195
0
Дмитрий Синочкин

Вячеслав Глазычев: «У нас все документы в сфере городского планирования — чистое хулиганство!»

Профессор Глазычев — человек-отрасль. Без его книг, статей, лекций и телевыступлений российское городское планирование (уж какое есть) вообще непредставимо. И разговор с ним вьется, как кружево, постоянно ответвляясь куда-то в сторону, но снова и снова возвращается к главной теме: человек и пространство.

– Нынешняя кампания по приему генпланов приведет к каким-либо позитивным результатам?

– Как и другие кампании в нашем отечестве, она имеет сугубо ритуальный смысл. Генплан в таком виде, как он возник в советское время, — в принципе бессмысленный документ. Он принимается, чтобы быть принятым. Цифирь убирается в сейф, картинка вешается в кабинете, чтобы можно было произносить: «В соответствии с генпланом…» Мне и моим коллегам пока не удается сдвинуть с места эту телегу. Цивилизованный мир давно отработал разделение информации по трем разным документам. Один по-русски можно было бы назвать «комплексный план развития» (ближе — «всеобъемлющий»). В нем проводятся векторы — допускаем ли мы какую-то промышленность или нет, или строим приличное жилье, чтобы приехали люди и платили налоги. Второй — мастер-план. Это уже реализация идей первого плана на конкретной территории. Чтобы это осуществлялось, нужны еще Правила землепользования и застройки. В цивилизованном мире эти правила очень жесткие, их нарушения караются разборкой строений и штрафами. Они могут меняться, но это сложный процесс. То, что у нас называется генпланом, в мире давно не делают.

– За ненадобностью?

– Нет, он просто разведен по разным функционалам. Есть две разные профессии. Цех архитектуры, который занимается конкретным зданием или маленьким кусочком среды (максимум — несколько зданий). И есть городское планирование. В советское время подошли по-чиновничьи: дома кто строит? Архитекторы? Город пишем по графе «архитектура». Возникло градостроительное проектирование. Перевести это невозможно. Диплом архитектора ни в США, ни в Европе не дает права работать в системе городского планирования, это отдельная профессия. Хотя при этом быть архитектором по первому образованию — неплохо. Можно, впрочем, быть юристом, географом или экономистом. Лучше всего — если человек уже имел дело со сложными пространственными системами.

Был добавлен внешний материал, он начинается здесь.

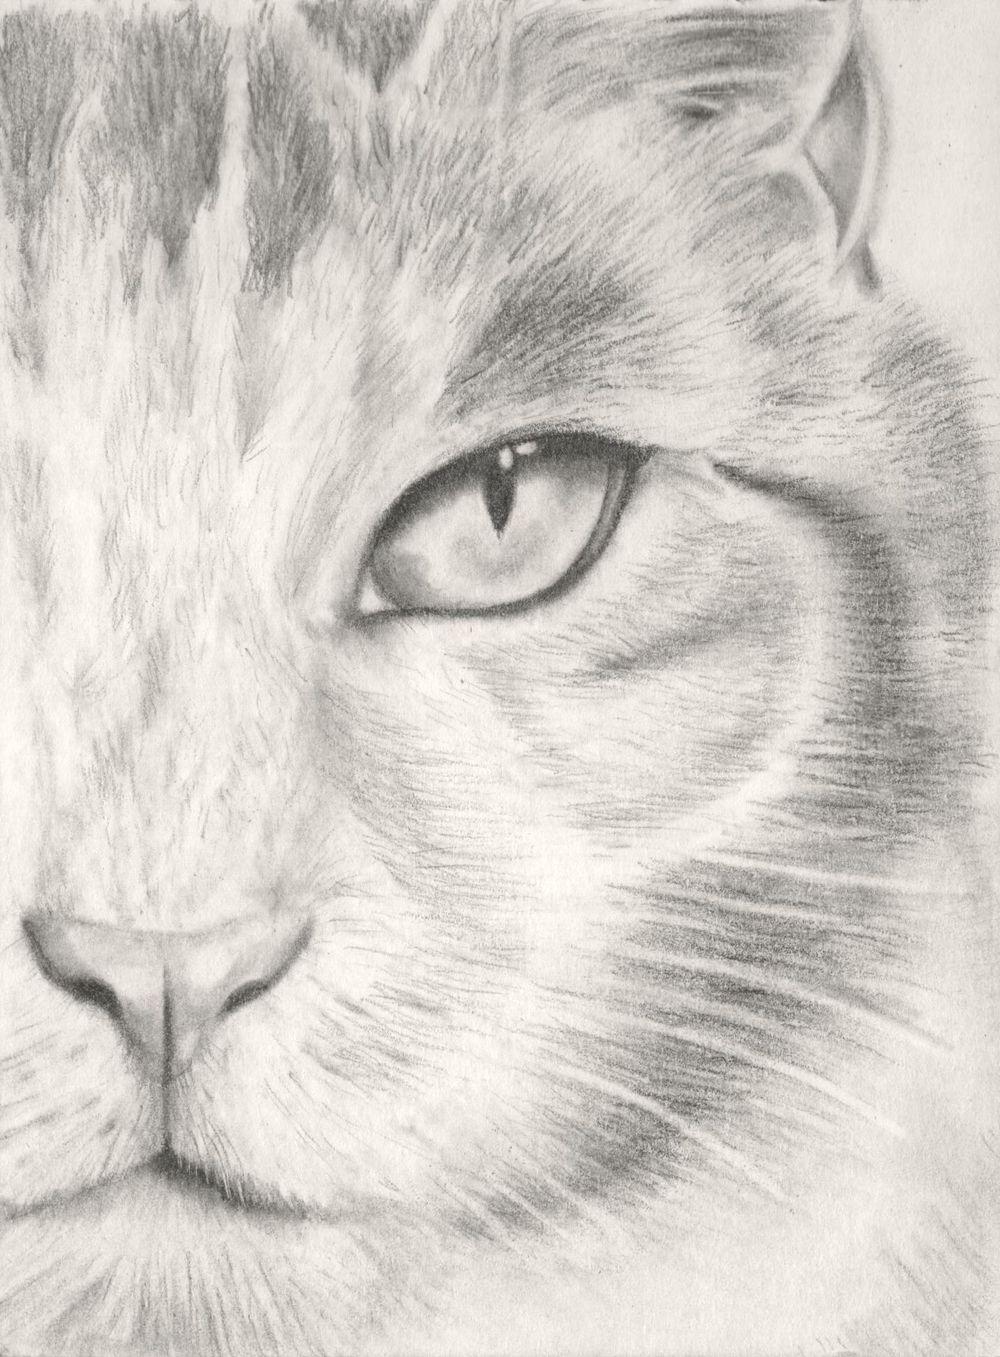 Kitten - image 4 - student project
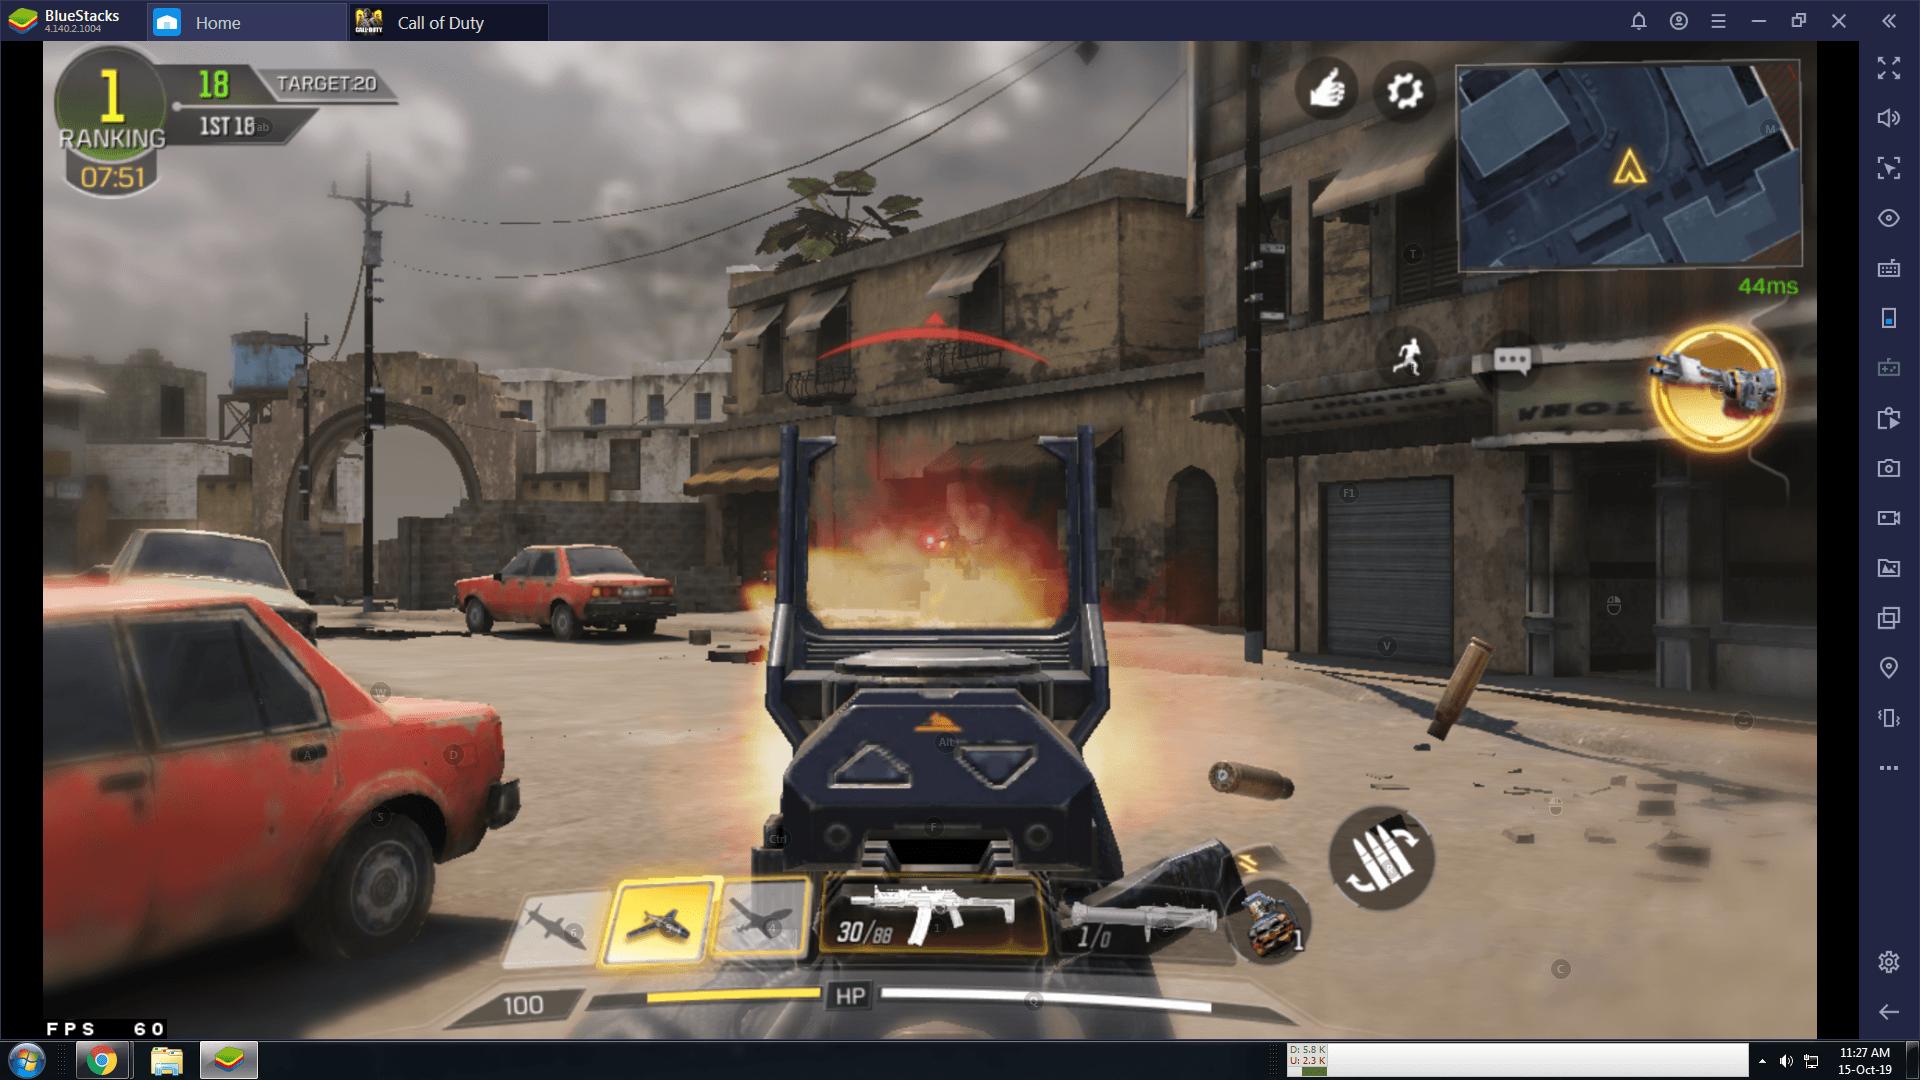 Call of Duty ADS - autofire

Мне удалось создать в России кафедру территориального развития — в Академии народного хозяйства. (Позднее похожая появилась в Институте урбанистики.) Это кафедра второго образования. А попытки выдать человеку диплом градостроителя ни к чему хорошему не приводят. Но власть крепка в убеждениях — по моему эмпирическому опыту, требуется несколько лет, чтобы что-нибудь всерьез изменить.

– Власти принимают генпланы, включают обширные территории в границы поселений, чтобы использовать под застройку. Получают некий ресурс, которым могут распоряжаться. Это приводит к многочисленным конфликтам — с населением, с малоэтажниками, с девелоперами коттеджных поселков (потому что качество среды ухудшается). Можно это считать оформлением ресурса? Раз уж денег не дают…

– Представление о документах, связанных с пространственным развитием, оформлено в Градкодексе. Идеалистам, которые его сочиняли, казалось, что выдуманная ими рыночная экономика все расставит на свои места. И что это, собственно, и есть цель. Поэтому контроль над соблюдением публичного блага выпал вообще. Есть участок, есть собственник и есть застройка. Некий вариант бухаринского лозунга «Обогащайтесь!».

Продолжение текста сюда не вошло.